The task
What is needed is a word-for-word transcript of the listing, free of pictures.

Collected material
....

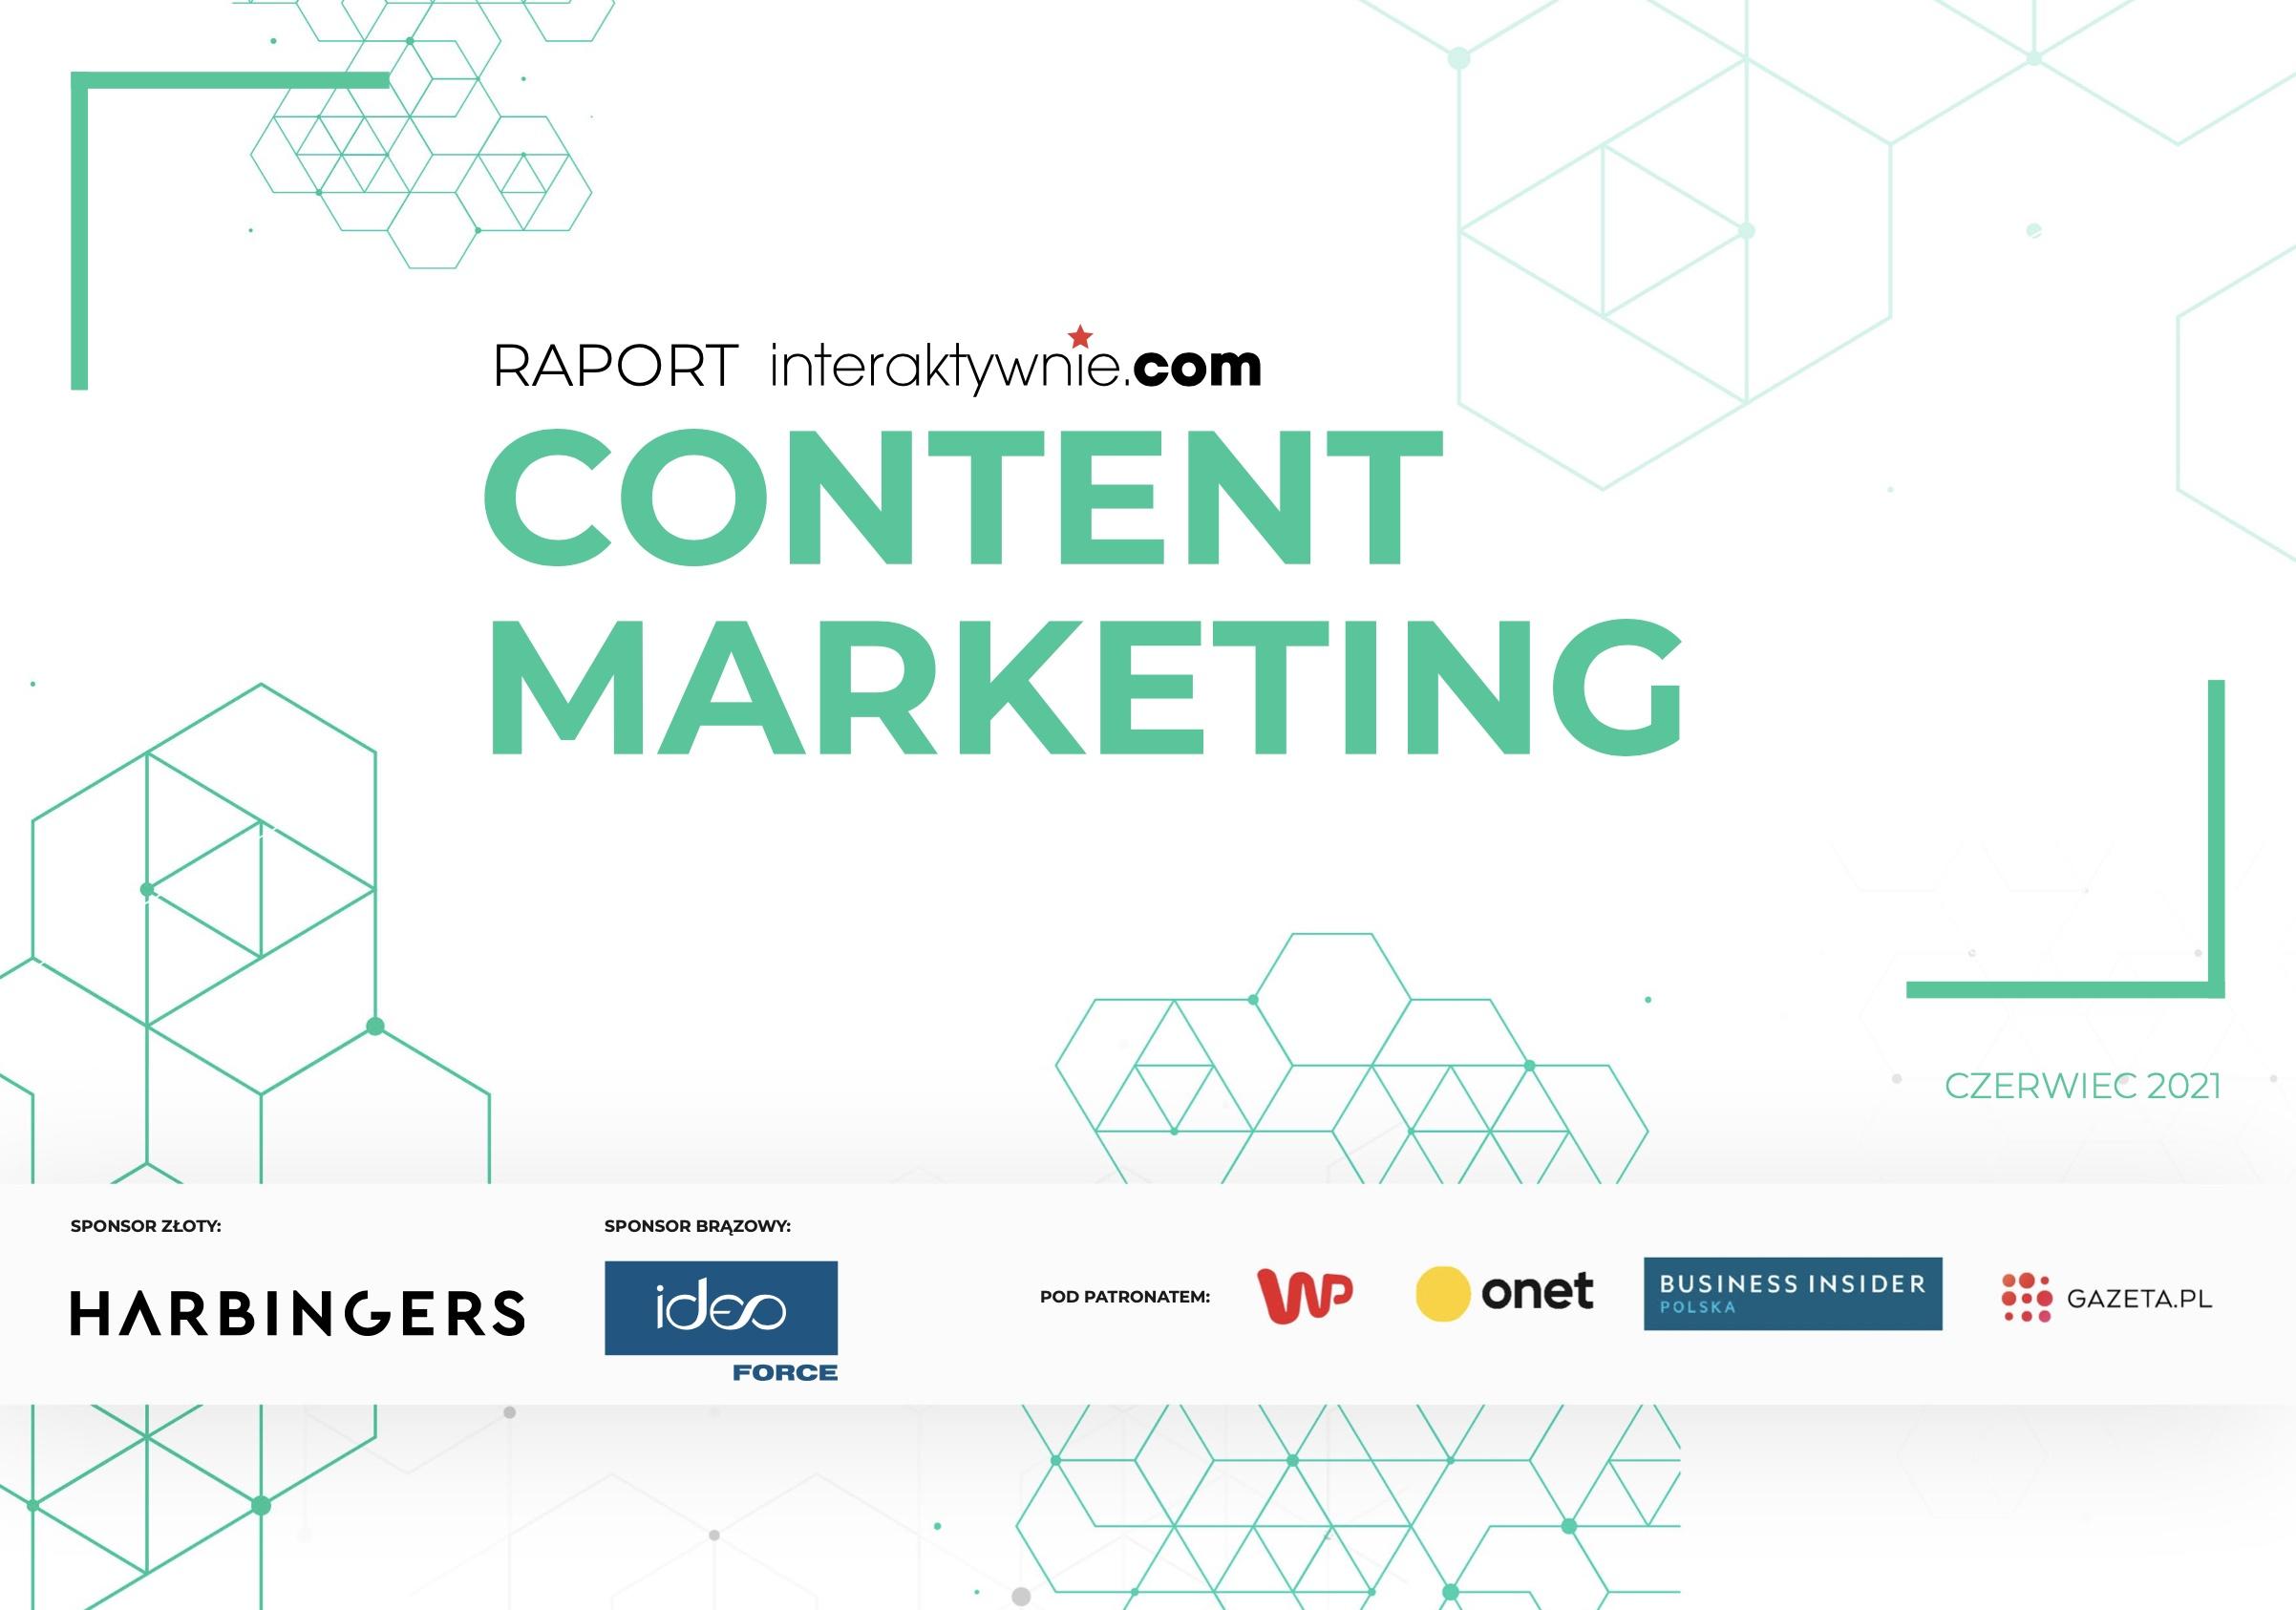 Agencje content marketingowe
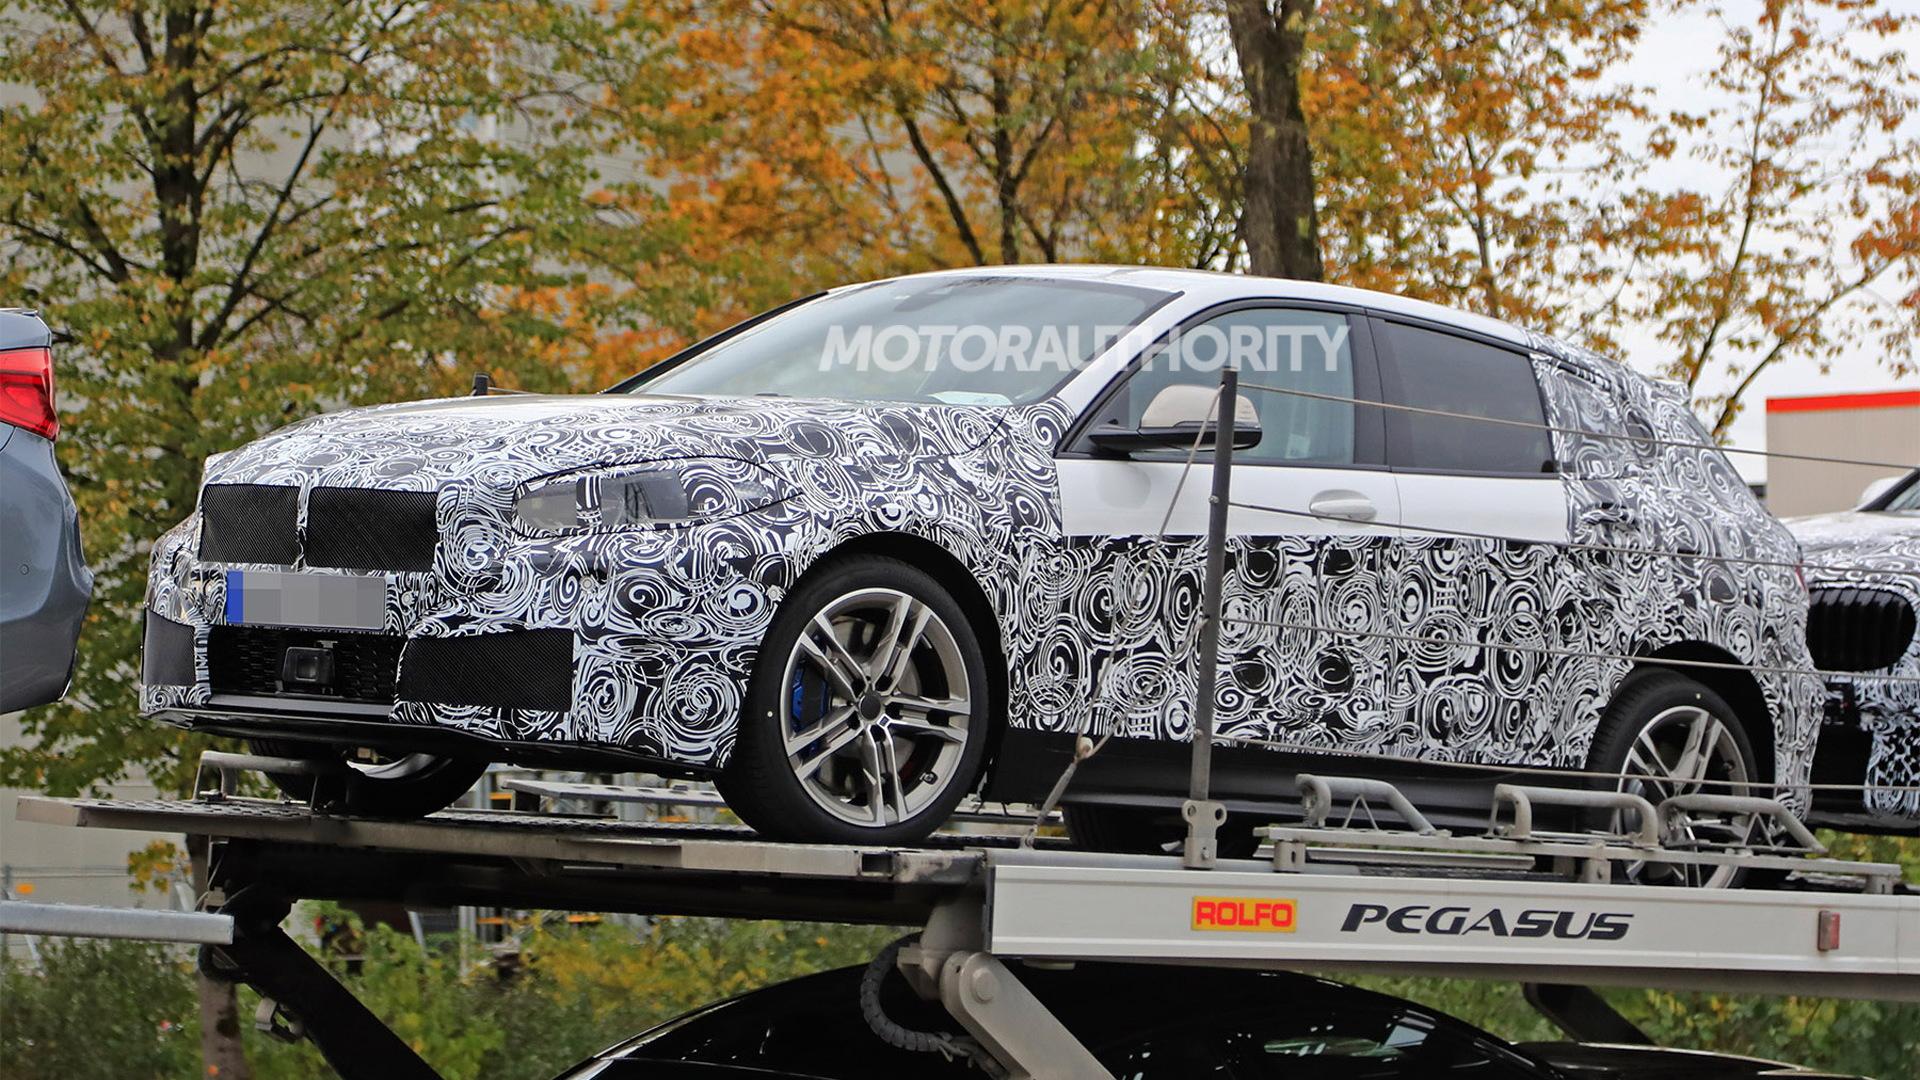 2019 BMW 1-Series Hatchback spy shots - Image via S. Baldauf/SB-Medien
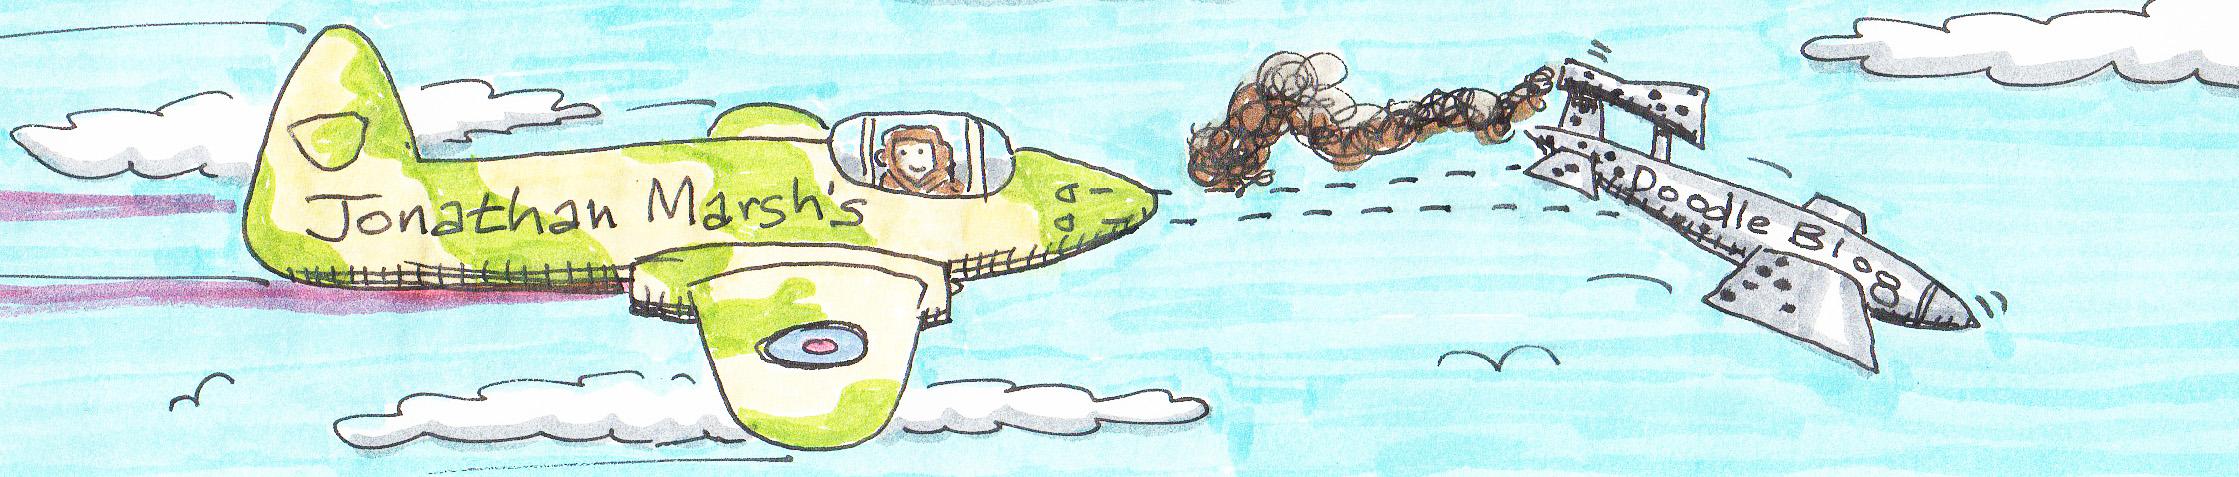 Jonathan Marsh's DoodleBlog

....

Expected output
 Agencje content marketingowe
 2019 BMW 1-Series Hatchback spy shots - Image via S. Baldauf/SB-Medien
 Jonathan Marsh's DoodleBlog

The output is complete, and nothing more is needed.